Traqbeat Technologies PC
Traqbeat is a fast-growing company with acknowledged excellence in conducting high-level research and development of innovative systems and services. Its activities focus on the development of methods and tools in the area of medical sensing and informatics, e-health, m-Health, and Internet of Medical Things. Traqbeat focuses on the development of a novel adaptable wearable health tracking device including quantitative health risk assessment methods and tools focusing on the wider area of medical sensing. Traqbeat’s core technology consist of a proprietary – in house – patented novel wearable sensor and methods capable of continuously or intermittently measuring and recording of multiple health related biomarkers including Heart Rate/ Variability, SpO2, Blood Pressure and more. Its goal is to develop and apply novel ICT technologies in the wider context of personalised, predictive and preventive medicine aiming at the optimal management of diseases and the development of clinical decision support systems, optimisation of diagnosis and disease combating tools and models for enhancing biomedical knowledge discovery. The company realizes its goals through strong interaction between interdisciplinary engineers, product and operating managers with high R&D experience. Traqbeat’s founders have long experience in implementing national and European projects, high level technological competence and thorough knowledge and understanding of the field.
Role within REALM
Traqbeat’s expertise is on modern computational resources, smart biomedical sensors, mobile and wireless technology platforms, Machine and Deep learning-powered solutions, as well as service-oriented infrastructures for specialized embedded systems and ubiquitous monitoring applications.

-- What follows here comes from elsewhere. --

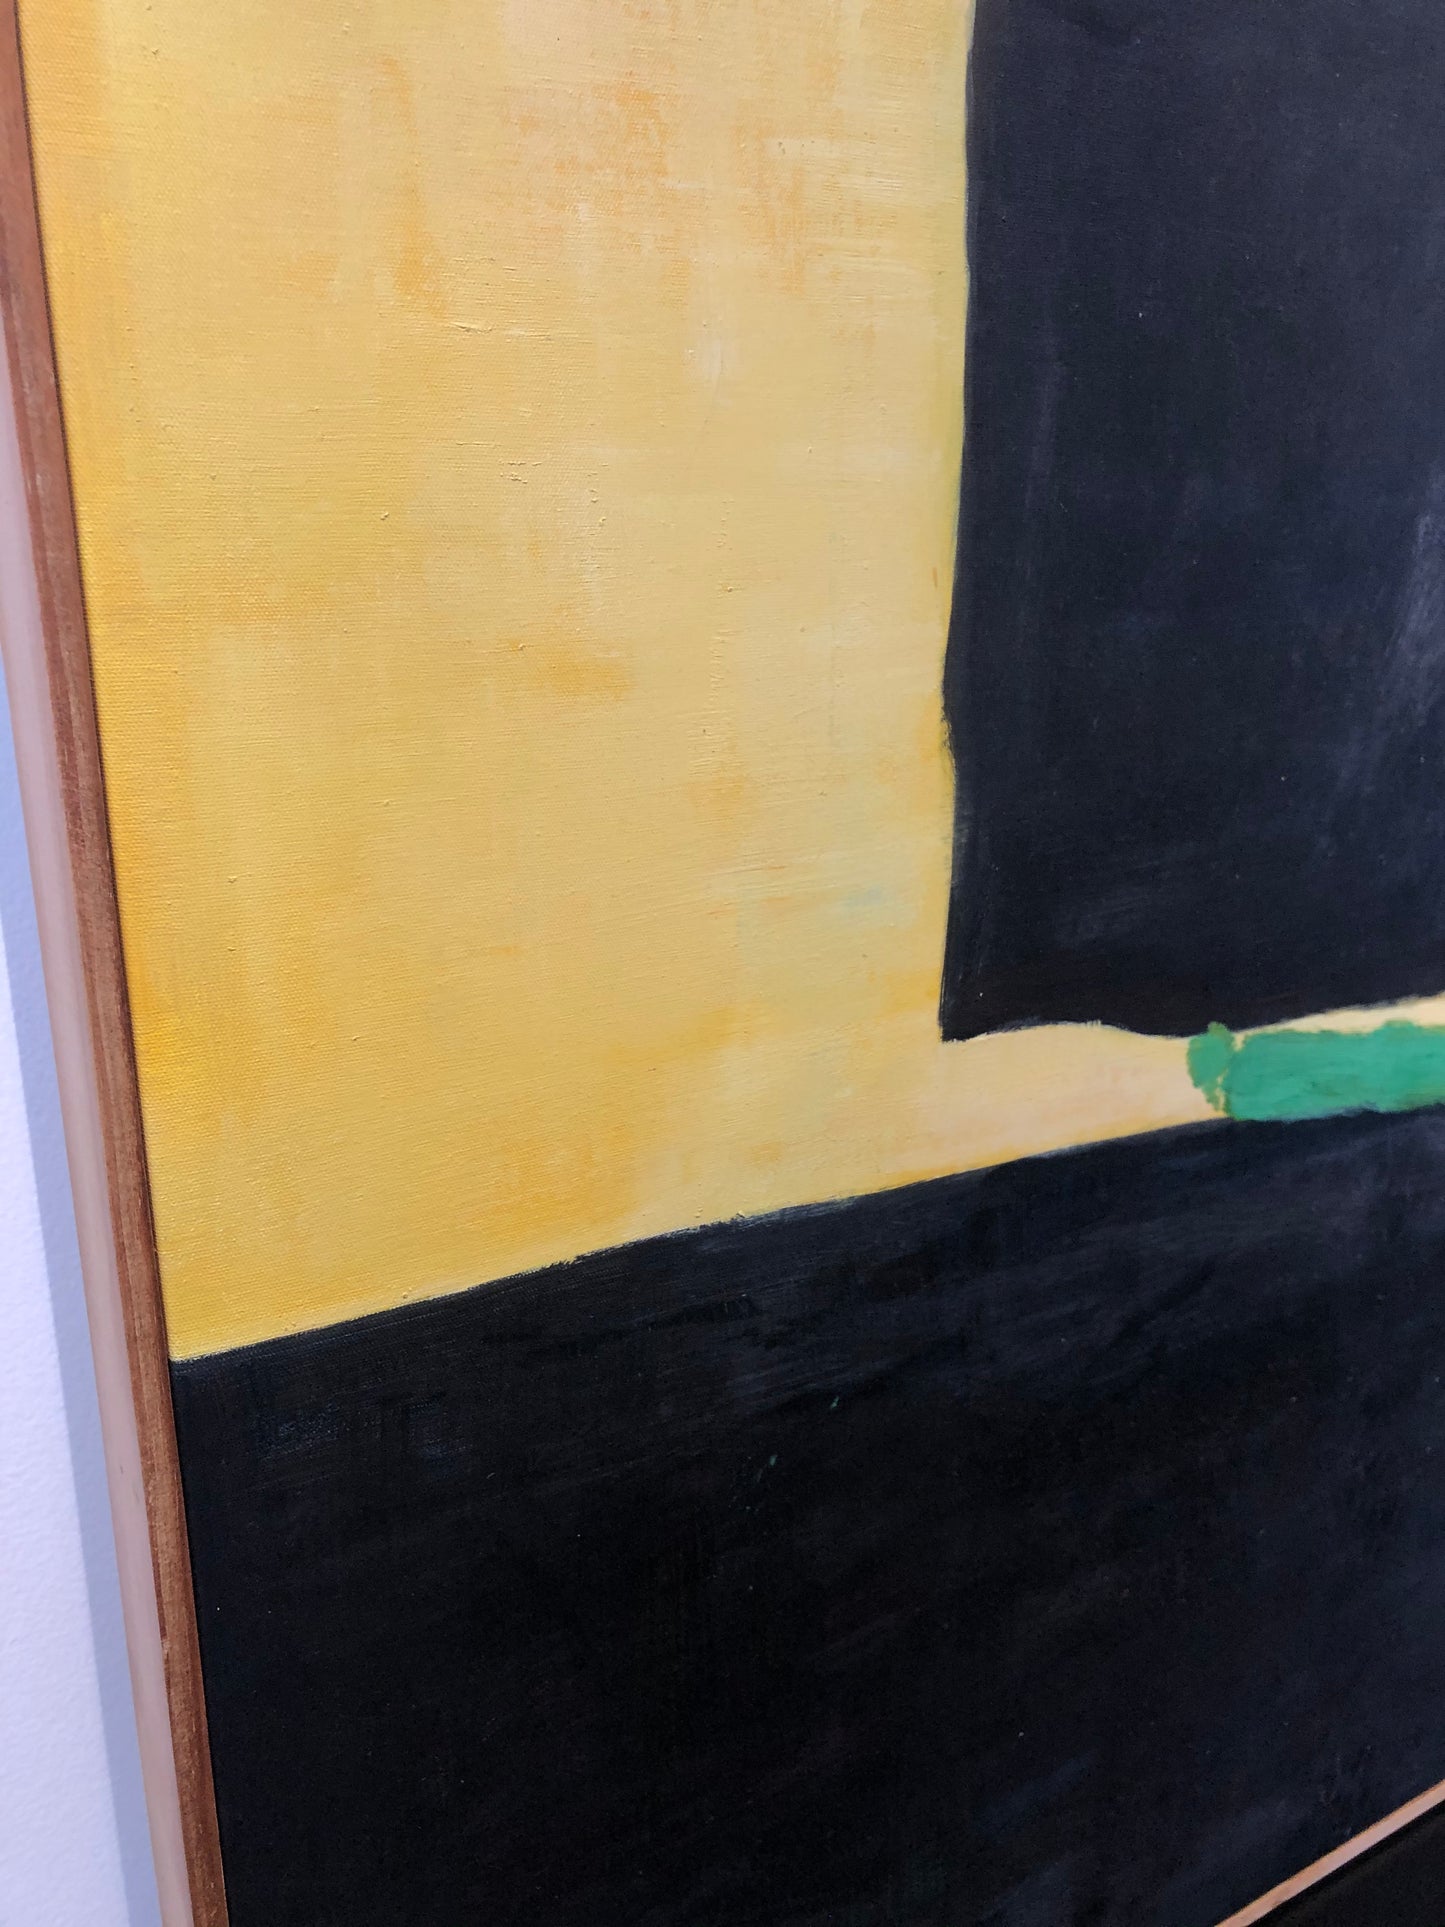 Reproduction of a Work by Robert Motherwell Oil on Canvas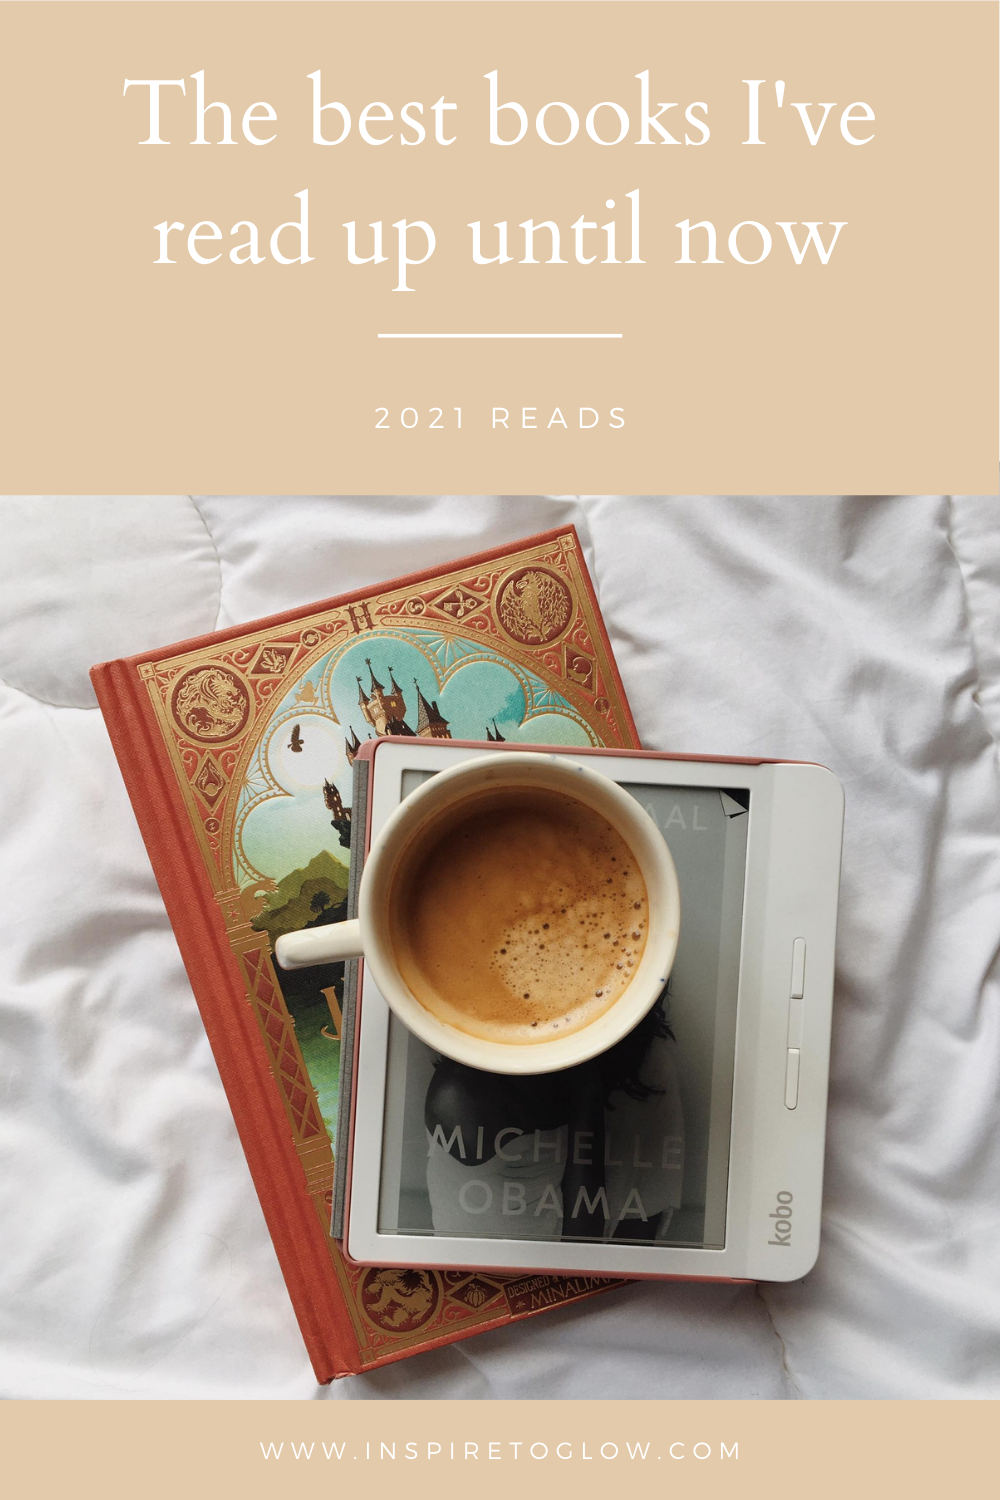 Pinterest Pin - Save this blog post for later - The Best Books I've Read Up Until Now - 2021 Reads - Inspire to Glow Lifestyle Blog - Book recommendations - Fiction & Non Fiction

More specifically, Traqbeat’s role in the project focuses on:
- the development and validation of medical grade smart sensing devices for the Internet of Medical Things, including MDR certification and legal frameworks,
- the design and technical architecture of the system, implementation and realization of specific subsystems,
- security, privacy and trust in medical data management and sharing,
- system integration and middleware deployment,
- AI-driven modelling and synthetic data identification,
- Pilot design, dissemination and exploitation efforts, including end users support and training.